## WHAT IS REQUIRED
Only a number is expected in reply: the number of lines below that include the word "with".

Recorded data
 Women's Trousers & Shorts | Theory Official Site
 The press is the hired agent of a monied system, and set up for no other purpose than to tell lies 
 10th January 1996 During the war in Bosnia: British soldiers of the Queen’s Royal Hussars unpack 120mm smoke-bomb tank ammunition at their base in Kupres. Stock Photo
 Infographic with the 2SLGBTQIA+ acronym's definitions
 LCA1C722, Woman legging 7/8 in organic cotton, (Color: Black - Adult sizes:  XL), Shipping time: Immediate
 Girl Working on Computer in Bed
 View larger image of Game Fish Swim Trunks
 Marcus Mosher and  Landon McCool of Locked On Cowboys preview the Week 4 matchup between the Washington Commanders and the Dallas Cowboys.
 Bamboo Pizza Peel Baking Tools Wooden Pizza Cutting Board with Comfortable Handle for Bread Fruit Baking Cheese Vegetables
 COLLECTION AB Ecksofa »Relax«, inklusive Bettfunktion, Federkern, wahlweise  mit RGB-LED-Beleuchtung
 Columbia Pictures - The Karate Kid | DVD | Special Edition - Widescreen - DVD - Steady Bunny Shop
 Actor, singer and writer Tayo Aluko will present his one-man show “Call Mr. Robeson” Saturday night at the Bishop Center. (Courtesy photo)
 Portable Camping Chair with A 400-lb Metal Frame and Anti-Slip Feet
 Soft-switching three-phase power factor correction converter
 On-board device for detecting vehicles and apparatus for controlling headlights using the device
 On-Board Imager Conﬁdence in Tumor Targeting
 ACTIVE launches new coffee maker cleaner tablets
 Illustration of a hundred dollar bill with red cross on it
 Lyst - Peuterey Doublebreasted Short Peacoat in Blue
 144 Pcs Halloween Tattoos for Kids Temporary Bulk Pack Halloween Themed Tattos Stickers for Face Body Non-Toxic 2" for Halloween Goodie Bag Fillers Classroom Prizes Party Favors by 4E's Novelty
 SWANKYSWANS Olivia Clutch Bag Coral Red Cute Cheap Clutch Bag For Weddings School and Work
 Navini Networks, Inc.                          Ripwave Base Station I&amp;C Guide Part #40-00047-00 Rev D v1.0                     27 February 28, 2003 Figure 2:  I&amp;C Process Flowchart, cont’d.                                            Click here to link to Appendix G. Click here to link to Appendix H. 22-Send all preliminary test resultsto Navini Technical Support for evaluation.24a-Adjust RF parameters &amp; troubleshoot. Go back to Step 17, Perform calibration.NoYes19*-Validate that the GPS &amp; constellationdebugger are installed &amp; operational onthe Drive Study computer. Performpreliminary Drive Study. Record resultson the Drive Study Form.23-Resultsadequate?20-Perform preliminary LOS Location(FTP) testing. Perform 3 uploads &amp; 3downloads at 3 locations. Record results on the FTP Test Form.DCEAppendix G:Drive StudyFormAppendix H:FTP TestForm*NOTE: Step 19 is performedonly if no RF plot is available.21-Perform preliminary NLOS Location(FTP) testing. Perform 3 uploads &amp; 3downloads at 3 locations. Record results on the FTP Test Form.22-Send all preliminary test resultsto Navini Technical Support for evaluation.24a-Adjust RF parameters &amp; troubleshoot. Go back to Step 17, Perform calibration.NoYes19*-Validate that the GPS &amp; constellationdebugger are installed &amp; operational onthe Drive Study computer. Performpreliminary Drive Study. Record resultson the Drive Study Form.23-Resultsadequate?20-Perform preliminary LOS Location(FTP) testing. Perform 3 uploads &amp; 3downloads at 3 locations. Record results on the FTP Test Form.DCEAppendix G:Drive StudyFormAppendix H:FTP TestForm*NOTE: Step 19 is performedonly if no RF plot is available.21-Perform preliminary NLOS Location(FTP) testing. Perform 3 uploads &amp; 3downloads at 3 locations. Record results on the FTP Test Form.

## REPLY TO THE EXERCISE
4